Despite all the flak millennials catch for supposedly having short attention spans, this generation increasingly consumes information and entertainment in a committed, focused way. Podcasts have risen to the forefront of culture, offering immersive listening experiences on topics such as true crime, history, sports and comedy. From “This American Life” and “Fresh Air” to heavy hitters “Serial,” “S-Town” and “Stuff You Should Know,” this now-established platform enriches minds and commutes alike.
For Elephant 6 mainstay Julian Koster, the podcast boom couldn’t have come at a more convenient time. Koster had been planning a series of projects for The Music Tapes, his group with Robbie Cucchiaro and Thomas Hughes, that revolved around the exploits of a fictional janitor of the Eiffel Tower. There was one big barrier in the way, though: He wasn’t quite sure if there was a format capable of fully conveying his stories.
For one, Koster loves performance; anyone who’s witnessed a Music Tapes production can attest to this. For those who haven’t, imagine a troupe traveling with a circus tent filled with carnival games—which they did for their Traveling Imaginary tour in 2012—and you’ll start to get the picture. Similarly, Koster is fascinated with the art of storytelling and recording, having made narrative records for years, in addition to contributing to a number of iconic albums from Athens and beyond.
However, those mediums alone couldn’t do the breadth of Koster’s narrative justice. He needed some sort of storytelling format that people could really get involved with—that could allow his magical fiction to unfold over time, but also keep listeners enthralled with every new installment. Frankly, he needed a podcast.
“I feel like I’m just just really, really lucky that the podcast thing happened, that podcast culture exploded the way that it did,” Koster says. “Really, we sort of thought there just wasn’t an audience for it, or a way to even make sense for us just to put it out as a record. So the thing that happened in podcast culture was so awesome, because suddenly there was a place for something like that to go… and an audience just waiting for it. It was kind of this really magical moment.”
So Koster created “The Orbiting Human Circus (of the Air)” in collaboration with Night Vale Presents, the network responsible for popular fictional narrative podcast “Welcome to Night Vale.” The series features voice acting from Mandy Patinkin, Charlie Day, Tim Robbins and Hedwig and the Angry Inch’s John Cameron Mitchell, a group Koster recruited by happenstance and backstage at Music Tapes shows. The podcast ended up breaking into the iTunes top 10, and has been given the green light for a second season.

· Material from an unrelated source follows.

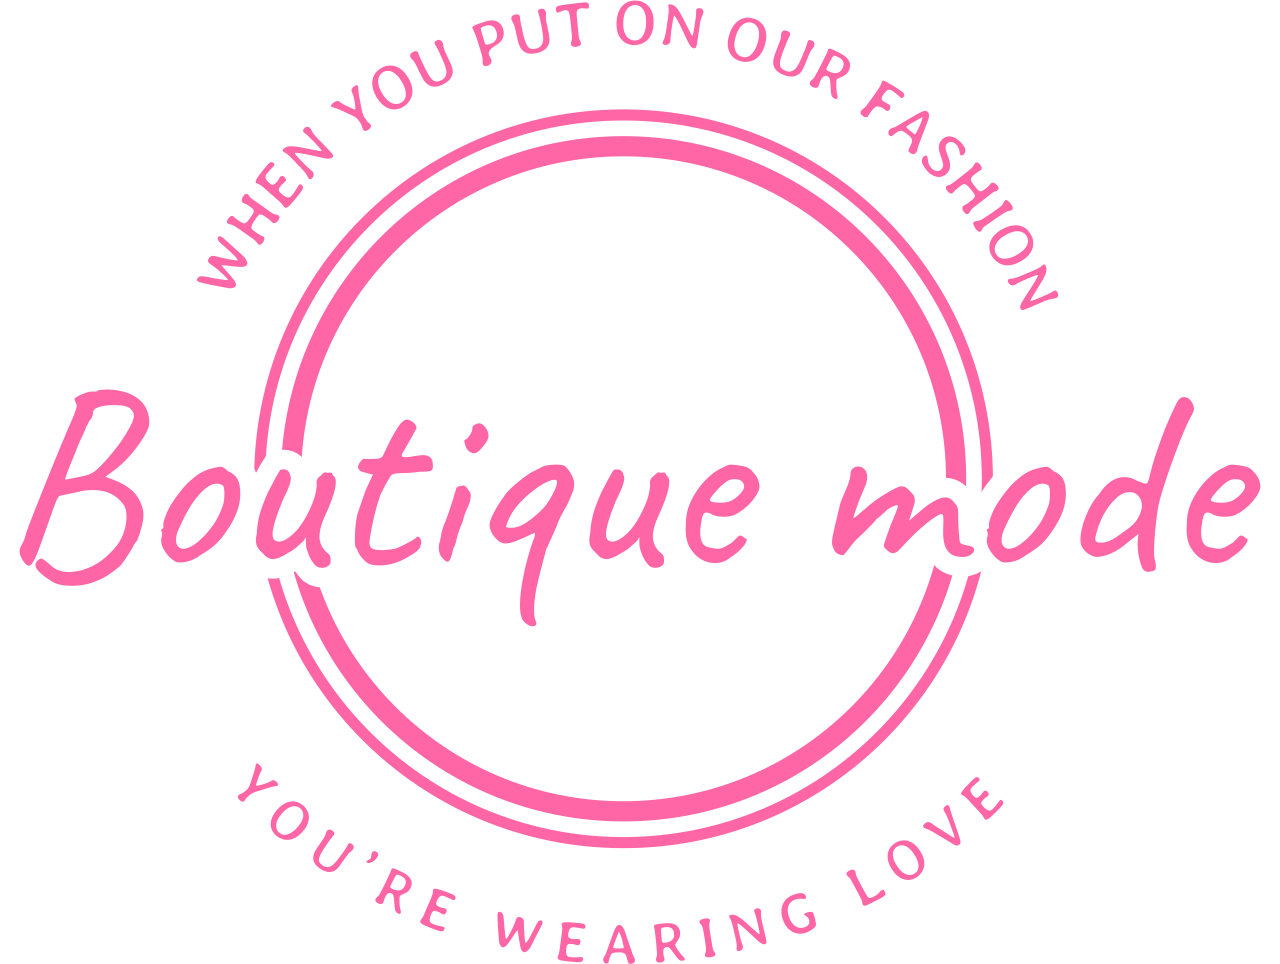 Boutique mode's web page
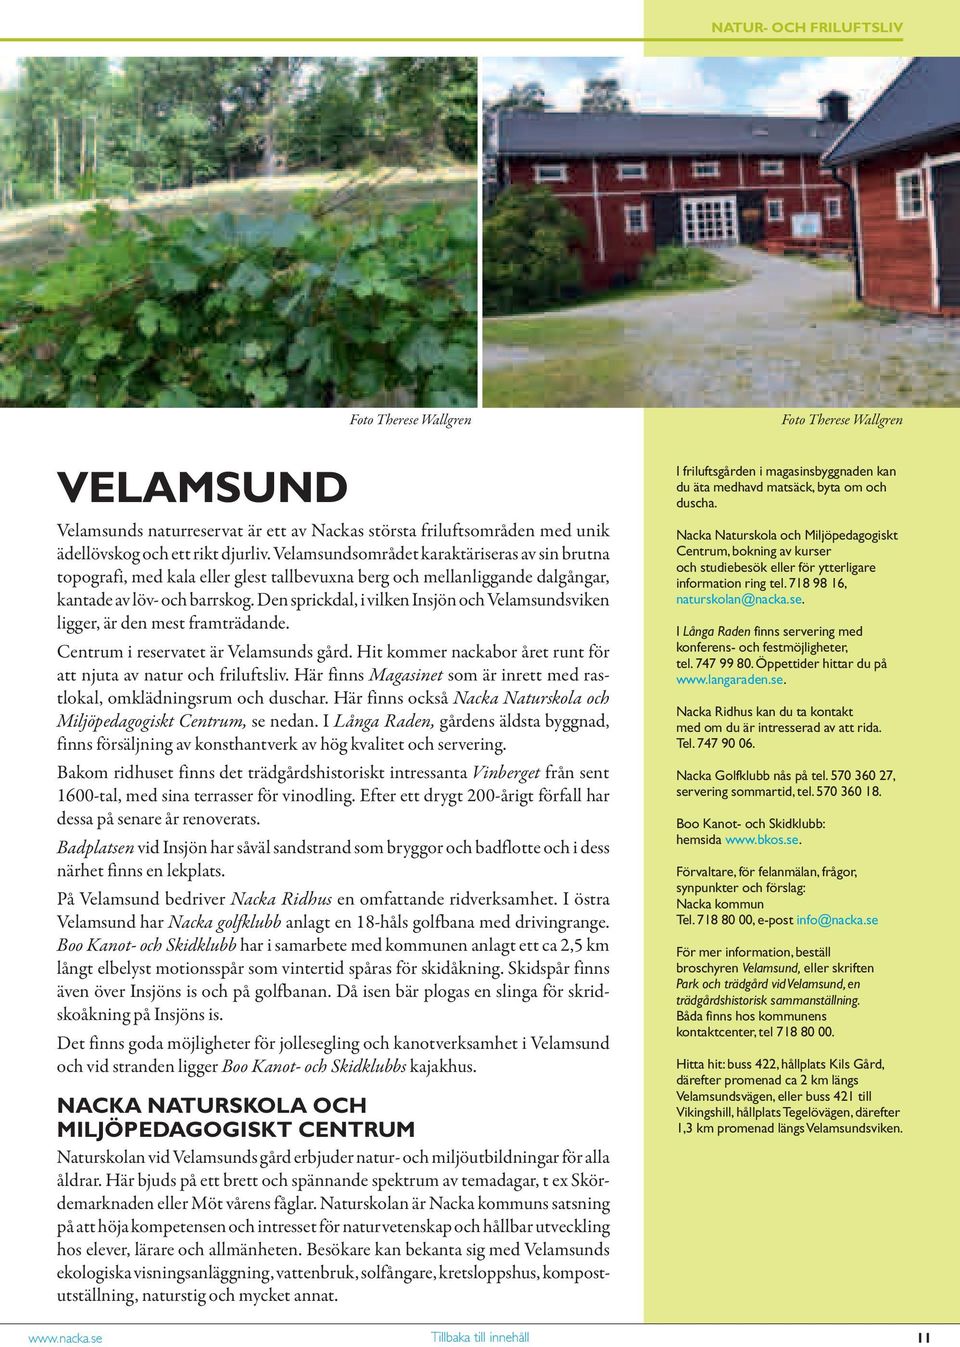 Den sprickdal, i vilken Insjön och Velamsundsviken ligger, är den mest framträdande. Centrum i reservatet är Velamsunds gård. Hit kommer nackabor året runt för att njuta av natur och friluftsliv.

In “The Orbiting Human Circus,” the janitor, played by Koster, confronts surreal events and assorted characters night after night as he cleans the Eiffel Tower, inhabiting a world devoid of any discernible era. Its events could be taking place during any time period, past, present or future. Fittingly, its companion EP, which contains music featured in the podcast’s first season, was recorded on a multitude of apparatuses: a 1930s wire recorder, a 1940s Presto record lathe, a 1960s tape machine and a modern computer.
“That stuff is my passion. I love those machines,” Koster says of the equipment, recalling his purchase of the wire recorder while on tour in Montreal in the ’90s. “I took it home, and it was the most magical-sounding thing ever. It plays back at you, and it literally sounds like it’s 70 years old.”
This confluence of recording practices and sounds and playful experimentation with time heightens Koster’s charming innocence. “I feel like a superhero or something,” he says. “I feel like it’s my cape. I feel like I have this secret power to make things in the past.”
As Koster and company tour in support of the podcast, they seek to bring the same immersion and involvement required of podcast listeners to the venues they play. Interspersed with Music Tapes songs, the set revolves around Koster’s janitor, who is tasked with cleaning up each concert hall. He says each venue will appear nearly unrecognizable to the public. “You’re going to go into the 40 Watt,” he explains, “and it’s not going to look like the 40 Watt.”
There will be some instant gratification, too. "It’s kind of like you’re walking into a whole story, and there’s all kinds of fun and impossible events that happen—and it happens all over the 40 Watt," says Koster.